9.26 ギャラリー島田DM作業。前日終了した展示を見に来たというのんびり古書店主あり。近所の画廊主がいらして、スタッフさんと何やら交渉。近々イベントがあるらしく、お誘い。全部英語ゆえ、ヂヂはところどころしかわからない。サルバドール・ダリがお師匠さんらしい。

9.28 午前中臨時仕事、午後みずのわ一徳。貴重な資料コピーいただく。
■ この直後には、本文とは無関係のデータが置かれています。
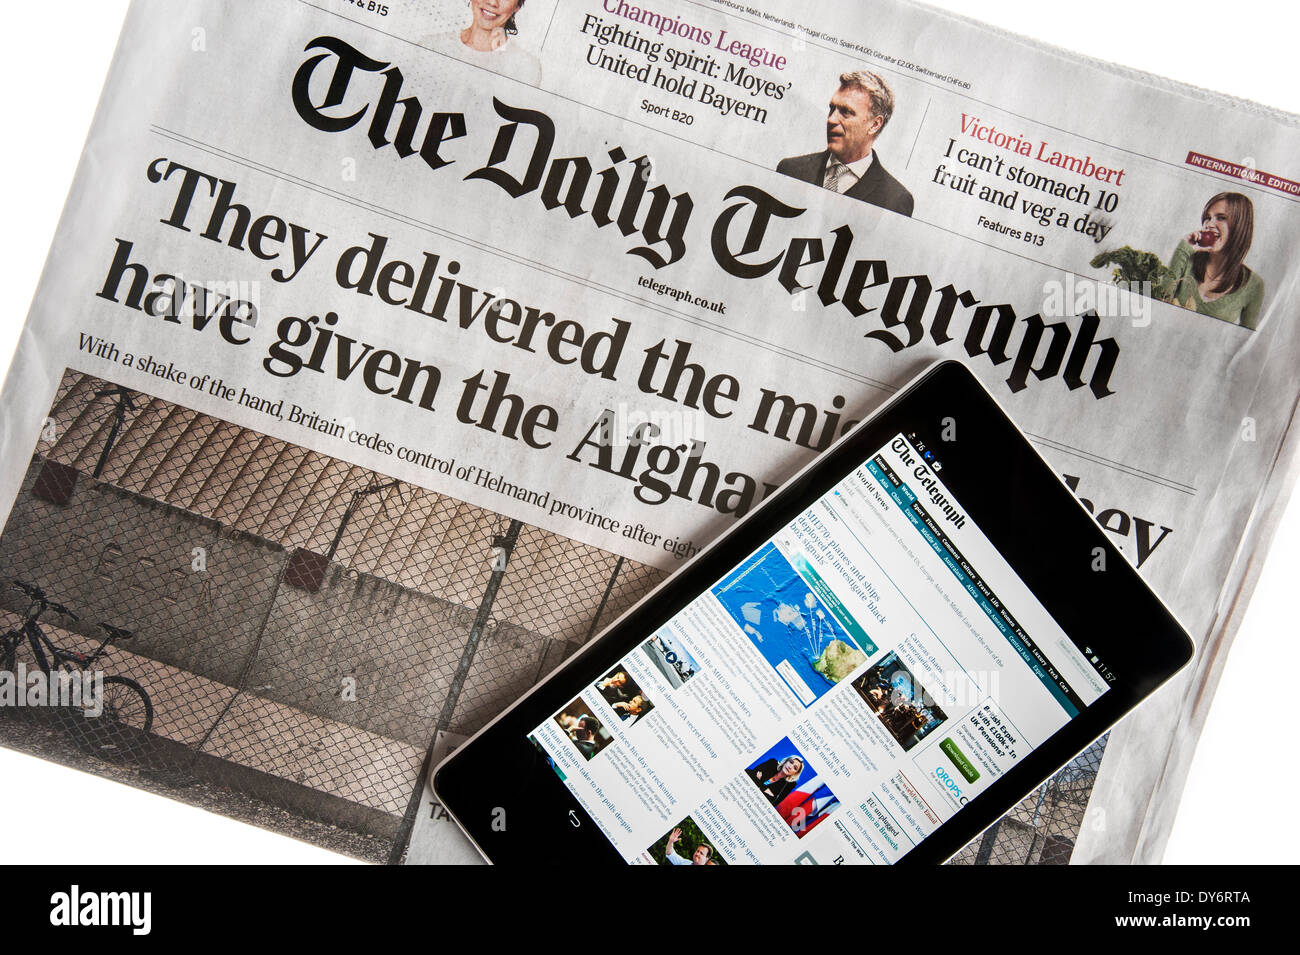 Digital Touchscreen-Tablet Online-Welt-Anzeige auf der Oberseite britischen Daily Telegraph Zeitung auf weißem Hintergrund Stockfoto

提供者は詩人さん。

9.29 午前図書館、読書中の「森於菟」関連で『西村旅館年譜』に記録があったので確認。

「朝日歌壇」より。

〈親王と親玉の違いヽ(てん)一つ秋の夜に読む「和泉式部日記」 (大和郡山市)四方護〉

10.1 新しい政治リーダーが決まったが、早くも言行不一致の様相。

 午前中臨時仕事。まだまだ暑い。

NR出版会新刊重版情報」593号着。国立国会図書館のデジタル化資料サービスの問題点。絶版本や古い資料提供は利用者にとってたいへん便利でありがたい。でもね、入手可能、流通している本まで一方的に公開されている資料がある。出版社が異議を唱える。

 

 多胡吉郎 『鷗外の遺品 森於菟と台湾 遥かなる旅路』 

現代書館 2700円+税



 森鷗外の長男於菟(おと、18901967年)は解剖学者。随筆家としても知られる。鷗外の最初の妻の子。父、継母、妹、弟とは同じ敷地内ながら別棟で祖母と暮らした。於菟は悲しい生い立ちに耐え、反抗もせず、グレもせず、立派な学者になった。そして、父の遺品を守った。

〈鷗外の遺品を語ることは、於菟を語ることでもある。/この人の努力があればこそ、戦争を頂点とする昭和史の波乱激動を超えて、鷗外の遺品は守られ、今に伝わっている。〉

 於菟は父の遺品を受け継ぎ、1936(昭和11)年赴任先の台湾に移した。台湾に骨を埋めるつもりだった。台湾はかつて鷗外が医療に従事した土地。於菟は遺品をそばに置き、常に父と向き合うことができた。

 台湾に来てすぐ継母死去。葬儀や後の法要にも戻る。継母との軋轢が消え、台湾での研究も生活も充実した。台北帝大同僚たちの協力があり、鷗外記念展覧会や文芸講演会を開催。鷗外の思い出を執筆した。

 ところが、戦争の時代。空襲を恐れ、遺品を郊外に疎開させる。日本敗戦により、台湾は中華民国の施政下になる。47(昭和22)年4月於菟一家は日本に引き揚げるが、遺品はわずかしか持ち運べない。残りは大学の同僚たちが保管してくれる。国交が回復して、53(昭和28)年92000点余りが於菟の元に戻る。最後の遺品、宮芳平の絵2点と中村不折筆の詩の額1点が返還されたのは1968(昭和43)年12月。於菟の死から1年後だった。

鷗外遺品は於菟の孤独の象徴だったが、台湾の友との友情・信頼の証となった。森鷗外記念館に保存、展示されている。

 宮芳平と鷗外、鷗外作品「半生」のこと、於菟の医学研究や随筆、鷗外の詩と遺品返還に奔走した杜聰明漢詩の共鳴などなどエピソードがたくさん。